‘I beg your pardon. Well, what next?’ said Michael, with an immense effort, sitting down again, and trying to look tranquil. One would almost have said that the worthy doctor’s eulogiums bored him.
‘I daresay you are right,’ said Roger. ‘Anyhow, if she finds a need for friends of that sort, to whom she can be a help, I am glad she has found out the Johnsons; for they can do with a few, “of the right sort,” as you say.’
‘I can’t tell you how much I liked her,’ said Dr. Rowntree, beaming contentedly. ‘There was only one thing that Mrs. Johnson said, that went a little against the grain with me.’
‘While you were settling about the Christmas-tree, I suppose?’ said Roger, politely.
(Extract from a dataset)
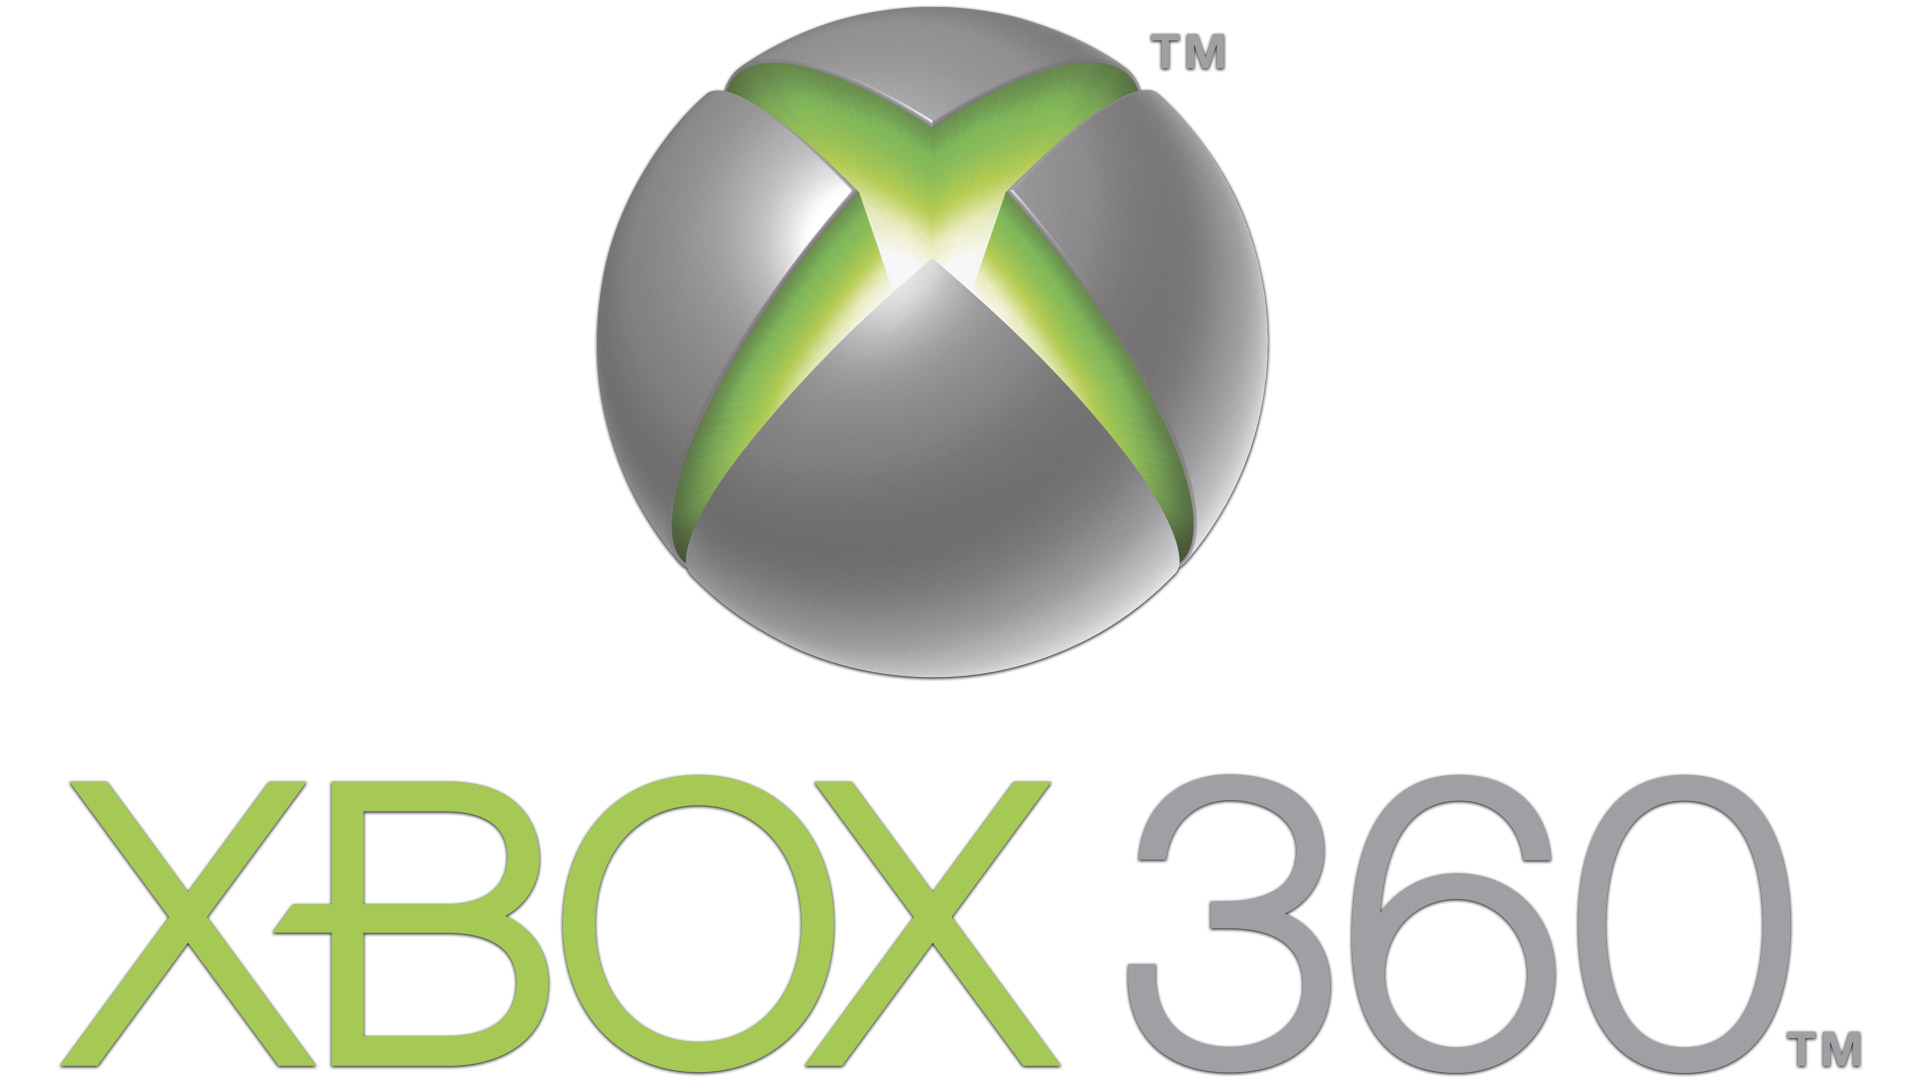 Xbox 360 (1080p)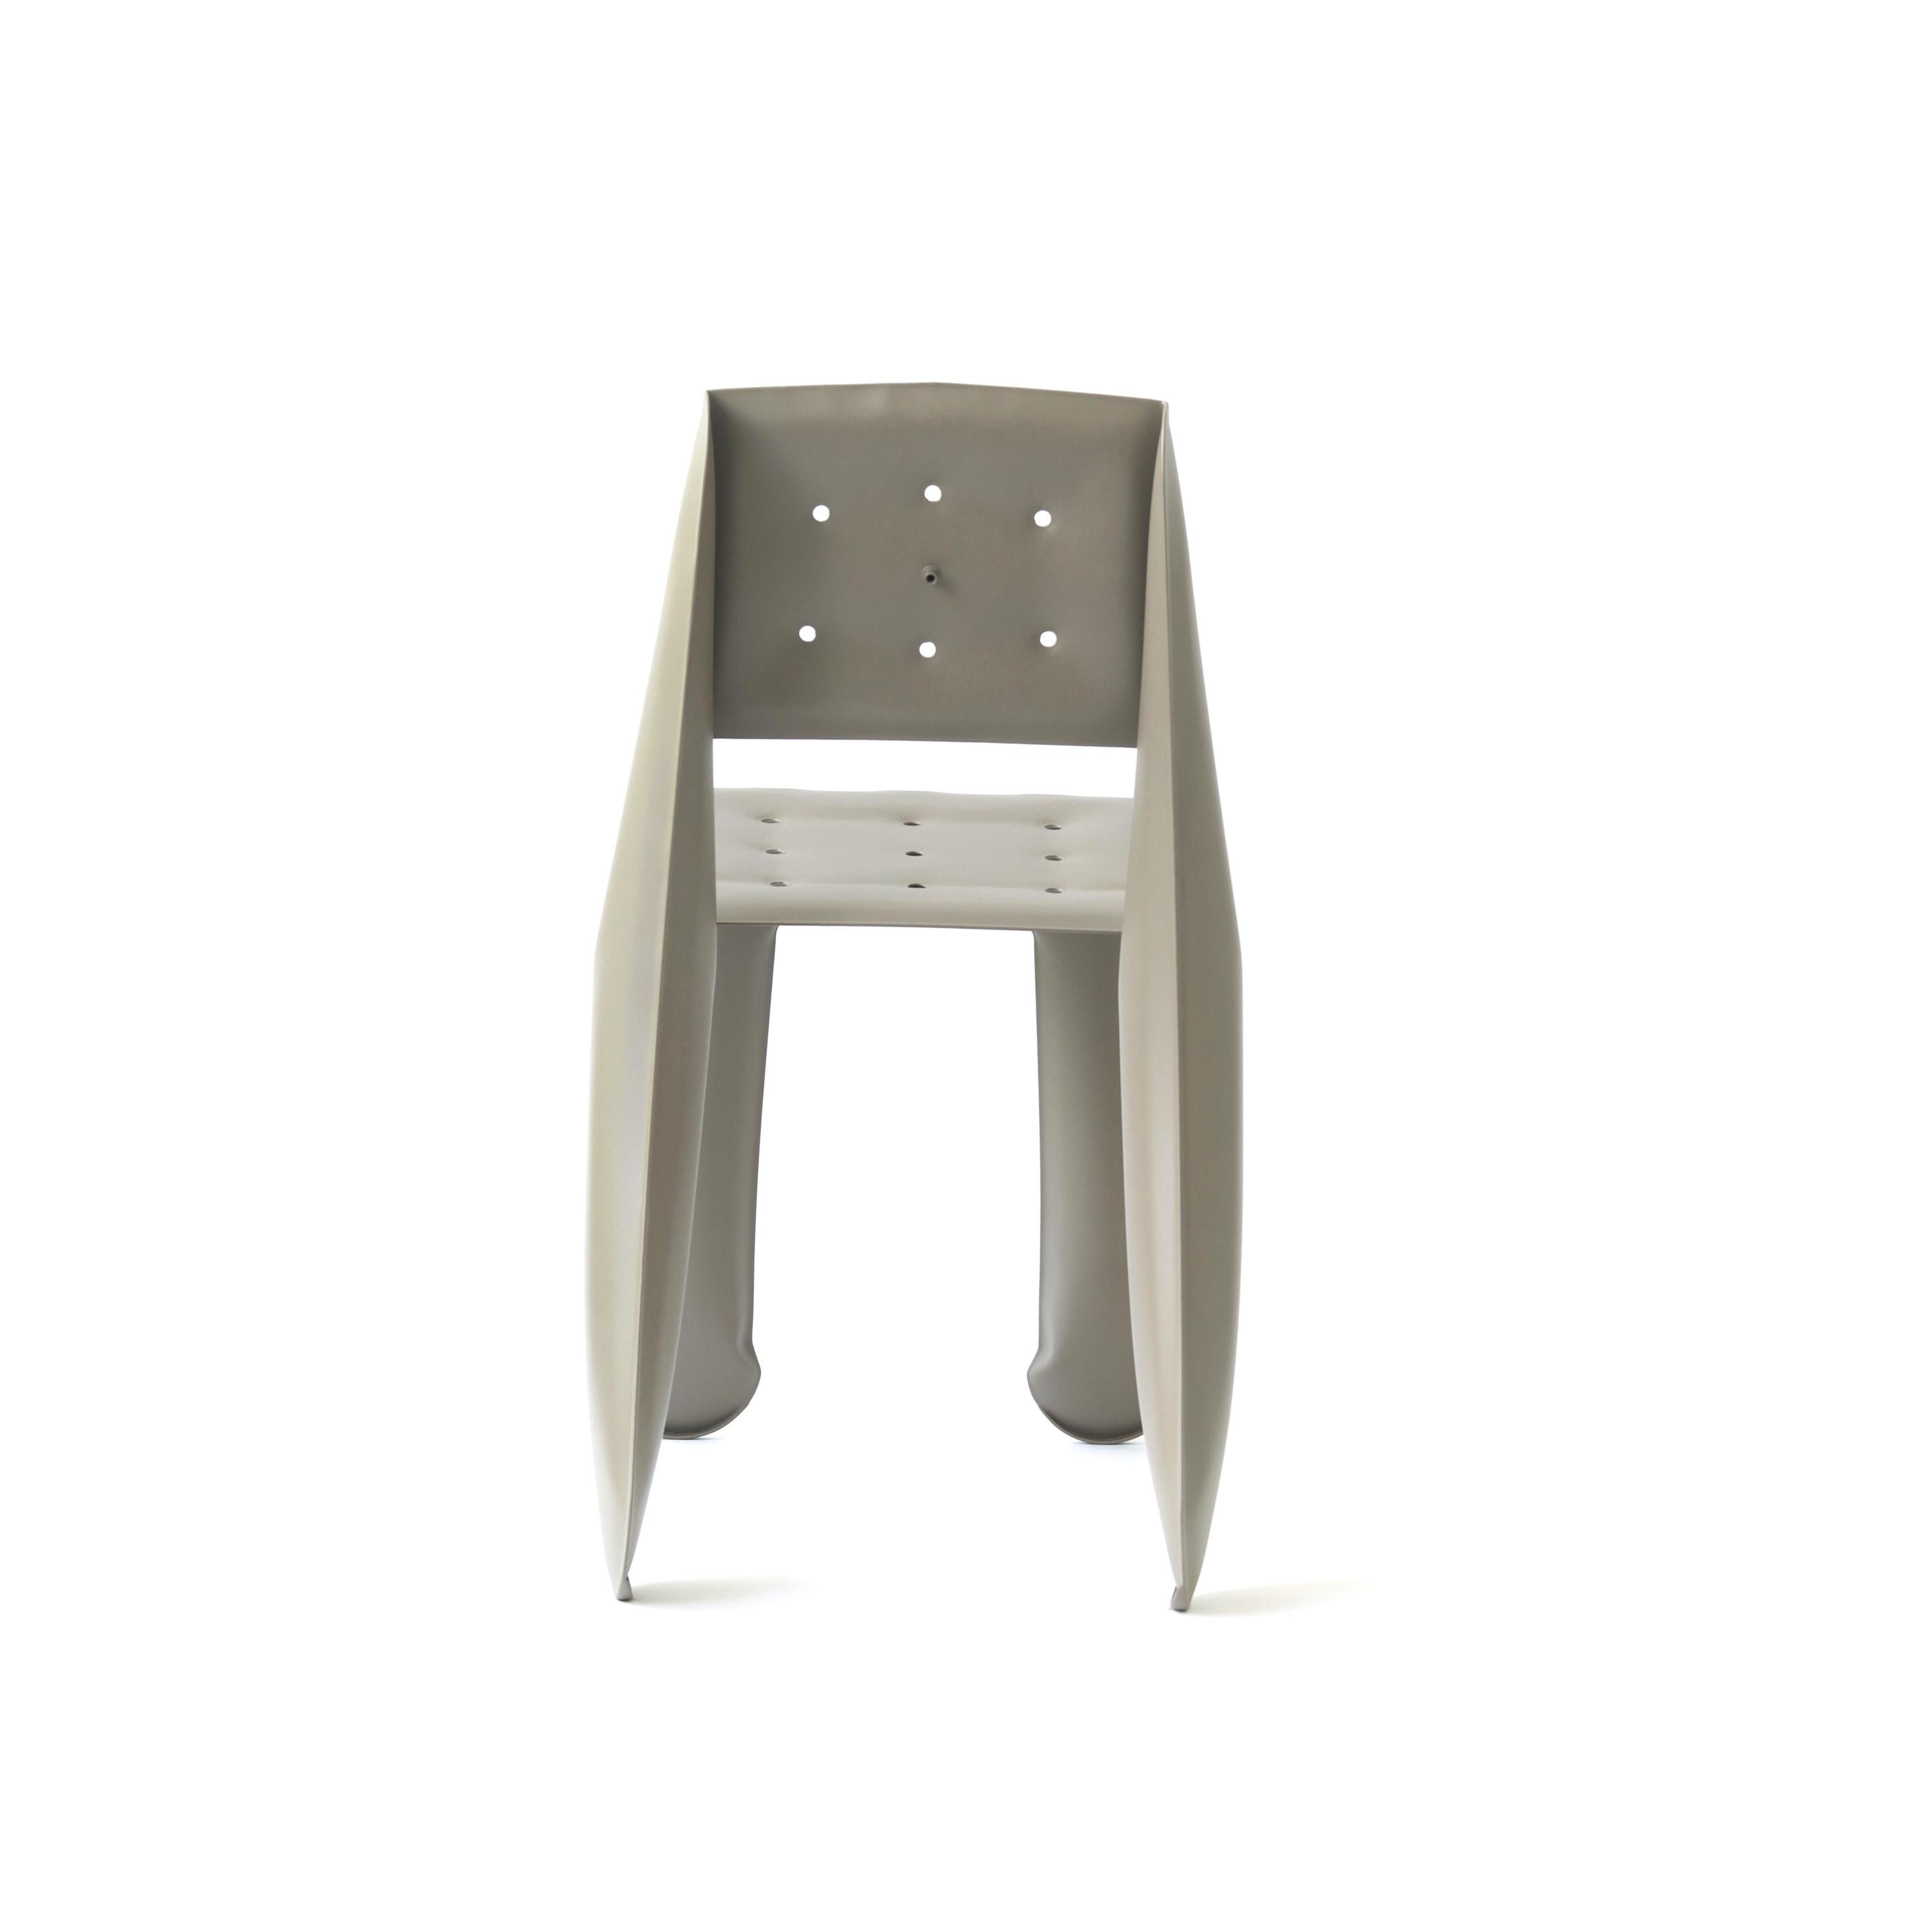 Powder-Coated Beige Aluminum Chippensteel 0.5 Sculptural Chair by Zieta For Sale

‘That man from London, saving your presence, Michael, is staying at Thorsgarth now. He called with her one morning when she came to the Vicarage——’
‘Oh, come!’ said Roger, hastily, ‘Mrs. Johnson is well known to be a match-maker.’
‘Well,’ said the doctor, a little abashed, ‘we’ll hope that that idea is nothing but imagination, of course.’
‘It may be, or it may not be so,’ here observed Michael, joining in the conversation for the first time, and using his scourge upon himself out of sheer perversity of spirit. ‘But I should say if it is, imagination has got a better handle to lay hold of than it usually has, in Bradstane.’
‘Why—do you know anything? Have you heard anything?’ both the others inquired, turning upon him with greedy eagerness.
‘Nothing in the world,’ said Michael, coldly, ‘except what my own senses tell me. I met them all out riding this morning—Askam and Magdalen; Miss Askam and Gilbert. I immediately thought of that possibility, for some reason—and thought it a very likely one too.’